*ACTIVITY*.
Copy out the data exactly as it appears, without a single image.

-------- RECORDED INFORMATION --------

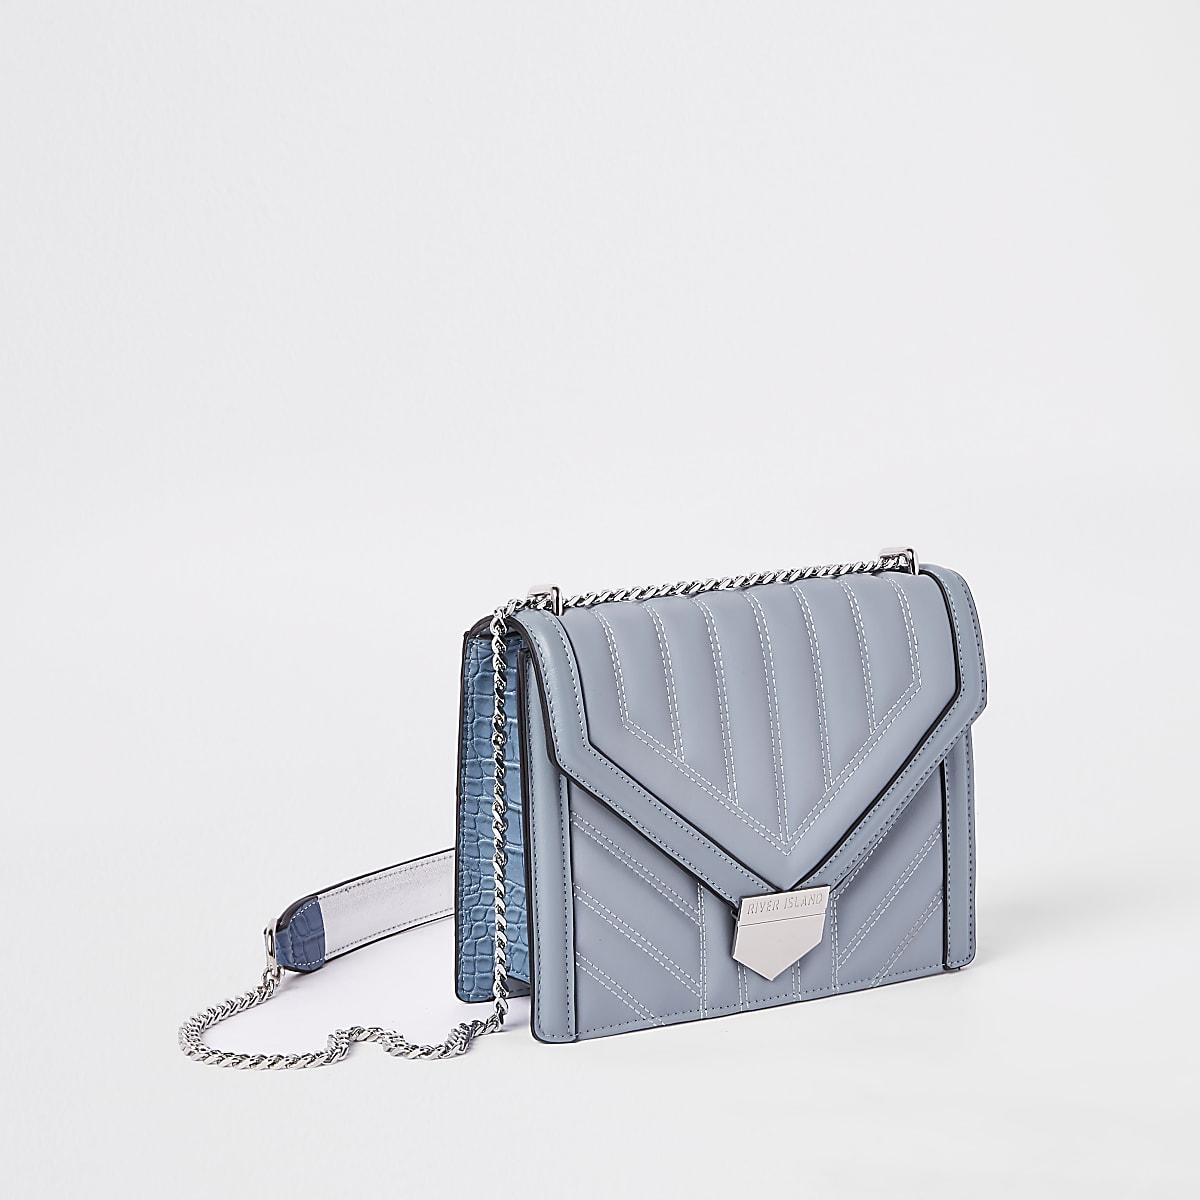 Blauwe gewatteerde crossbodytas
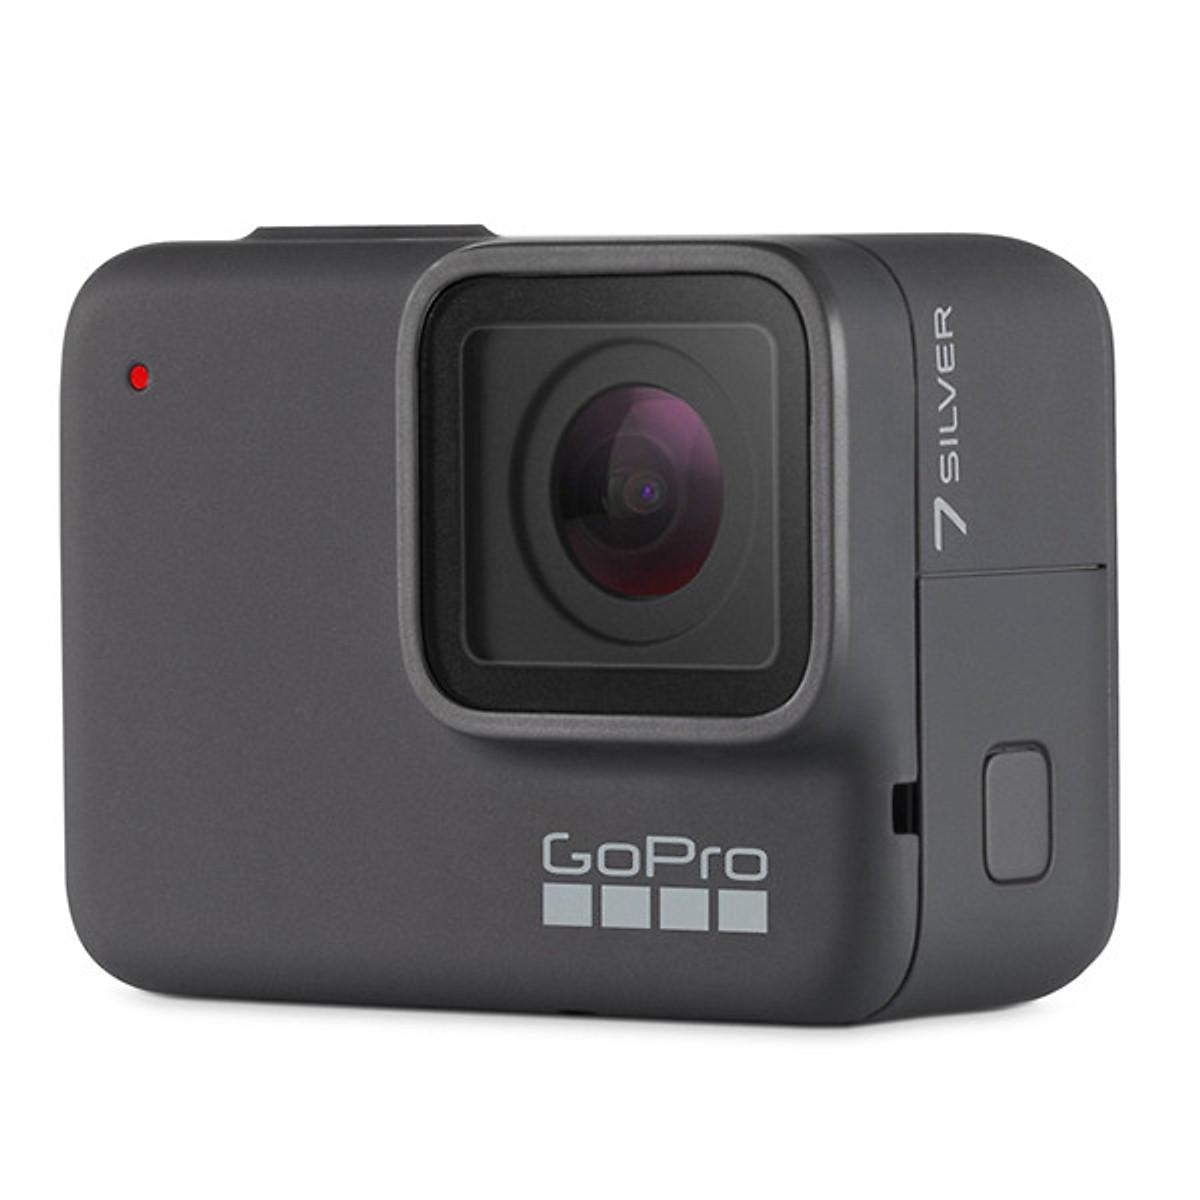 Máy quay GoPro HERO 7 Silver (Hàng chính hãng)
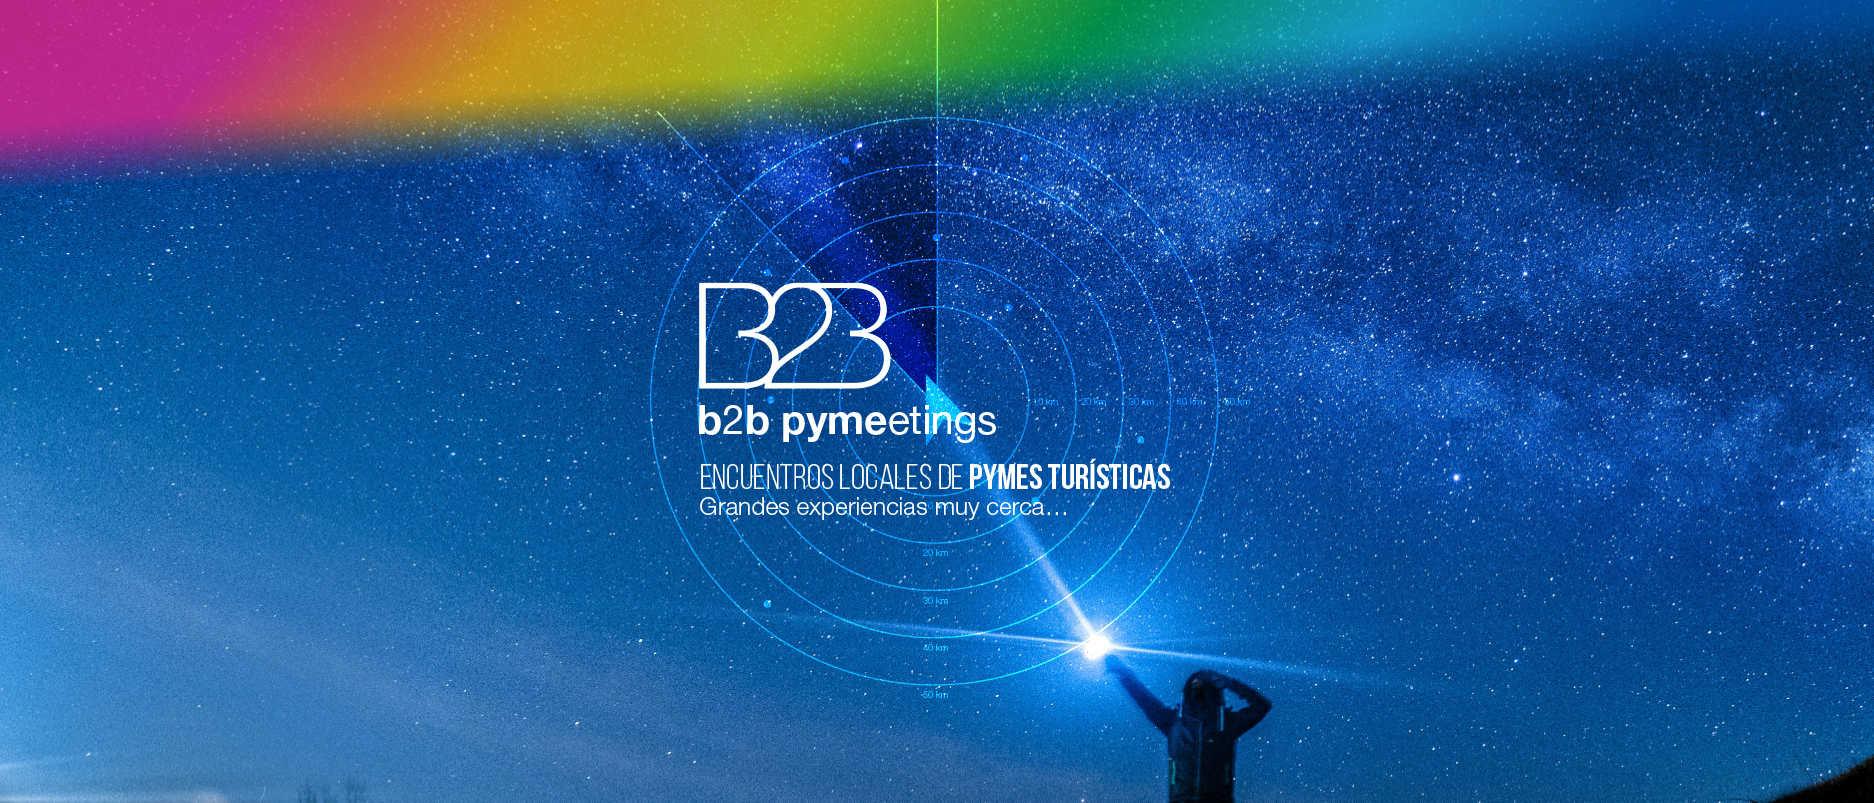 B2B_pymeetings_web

--------

*RESPONSE AREA*.
 Blauwe gewatteerde crossbodytas
 Máy quay GoPro HERO 7 Silver (Hàng chính hãng)
 B2B_pymeetings_web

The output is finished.